Compile the Rust code to Wasm

You can build the standard Cargo command into a WebAssembly function.

git clone https://github.com/second-state/WasmEdge-go-examples.git
cd rust_tflite_food
cargo build --target wasm32-wasi --release
cp target/wasm32-wasi/release/rust_tflite_food_lib.wasm ../
cd ../

You can use our AOT compiler wasmedge compile to instrument the WebAssembly file to make it run much faster. Learn more.

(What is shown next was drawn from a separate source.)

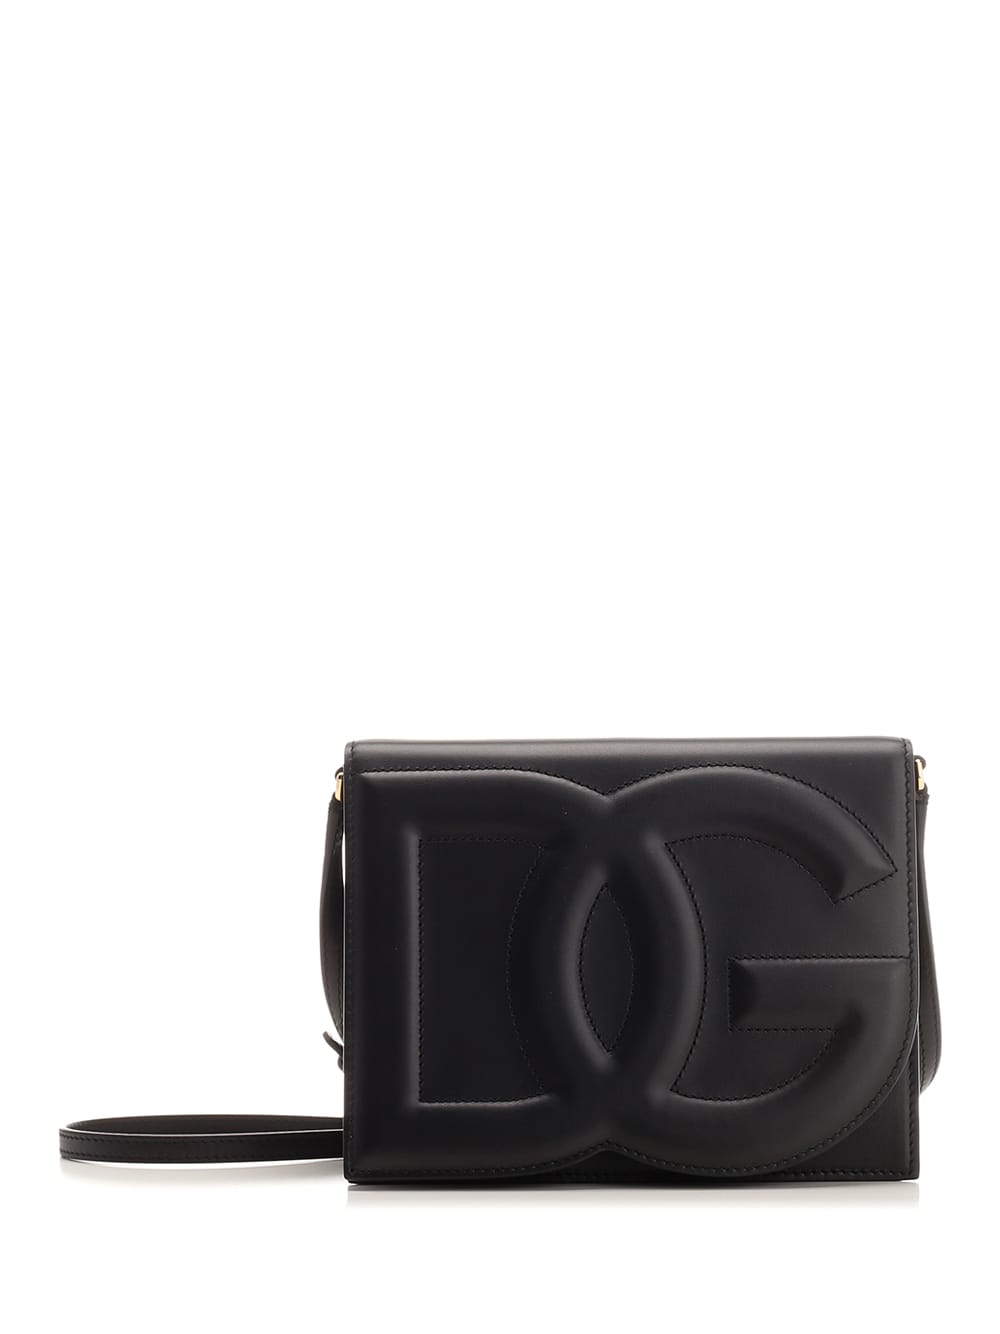 Dolce & Gabbana Dg Cross-body Bag In Black

wasmedge compile rust_tflite_food_lib.wasm rust_tflite_food_lib.wasm

Go host app

The Go host app source code shows how to instantiate a WasmEdge runtime with the Tensorflow extension, and how to pass the image data to the Rust function in WasmEdge to run the inference.

func main() {
// Expected Args[0]: program name (./tflite_food)
// Expected Args[1]: wasm file (rust_tflite_food_lib.wasm)
// Expected Args[2]: input image name (food.jpg)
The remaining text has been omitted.